Dolce Ann Cabot was a New Zealand journalist, newspaper editor, feminist, and teacher. She was probably the first woman in New Zealand to have been employed by a newspaper, editing the "Ladies' Page" of The Canterbury Times from May 1894.
Biography
Born in Christchurch on 25 November 1862, Dolce Ann Cabot was the daughter of Thomas Cabot, a farmer and teacher from Jersey, and his wife Louisa Augusta Kunkel of German extraction. She was brought up on the family farm at Otipua near Timaru where she was first educated privately. After spending two years at Christchurch Girls' High School, she studied teacher training at Christchurch Normal School. She later became an extramural student at Canterbury College but did not complete the degree course. Cabot taught at Timaru Main School from 1880 to 1891. On the basis of a number of articles on woman's suffrage, she was employed by The Canterbury Times', a Christchurch newspaper, where she edited the Ladies' Page from 1894 to 1907. It is believed she was the first woman to join the staff of a New Zealand newspaper.
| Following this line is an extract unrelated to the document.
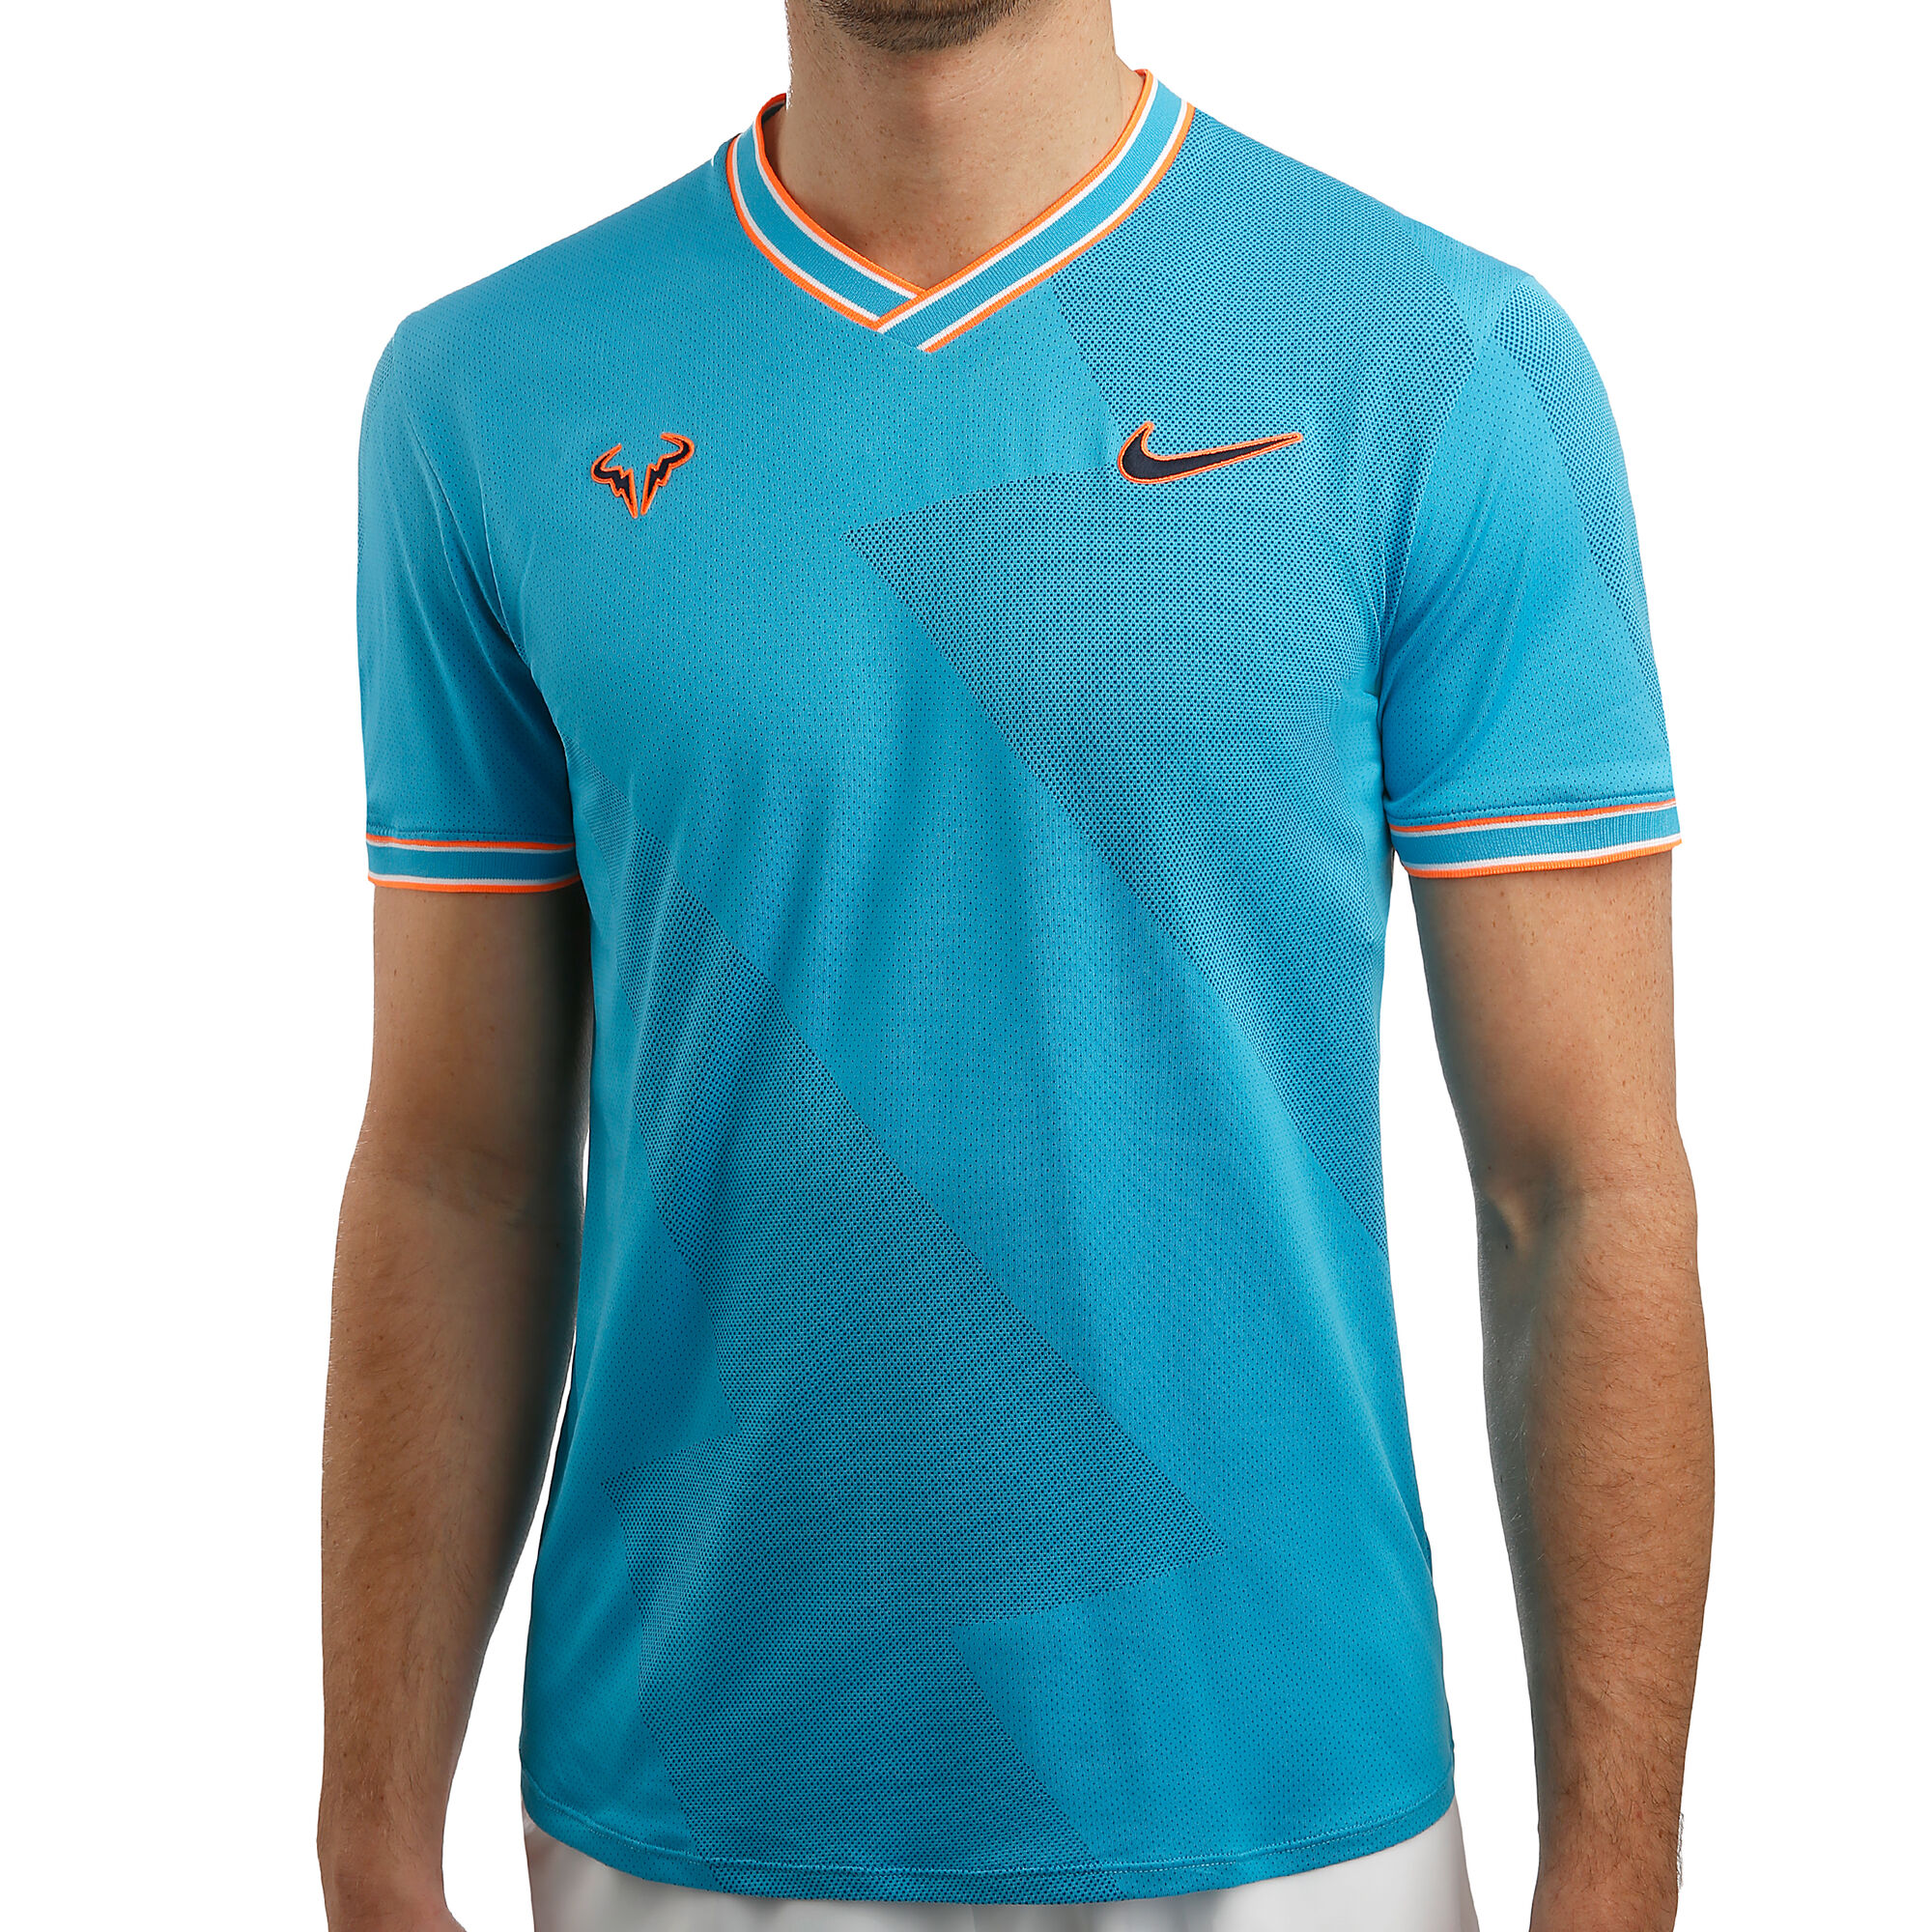 Nike Rafael Nadal Aeroreact Jaquard Camiseta De Manga Corta Azul, Naranja compra online Tennis-Point

Initially an ardent suffragist, her editorial emphasis was on education, good health and Christian values as priorities for women's successful development but she denounced child marriage in India and the wearing of sealskin coats. As time went by, she was less emphatic about the extension of women's rights, turning to the importance of a woman's role as a housewife and a mother. On 30 October 1907, she married Andrew Duncan, a station master. She left The Canterbury Times, moving with her husband to Greymouth, Wellington and Auckland. In 1922, she helped to launch Auckland's Ladies' Mirror, but only published three articles in the magazine. By and large, while married she discontinued her interest in writing and feminism, devoting her efforts to raising her seven stepchildren. On Duncan's retirement, the couple moved to Manurewa In 1928, they returned to Christchurch where Duncan died in 1935. Dulce Ann Cabot died in Christchurch on 31 May 1943.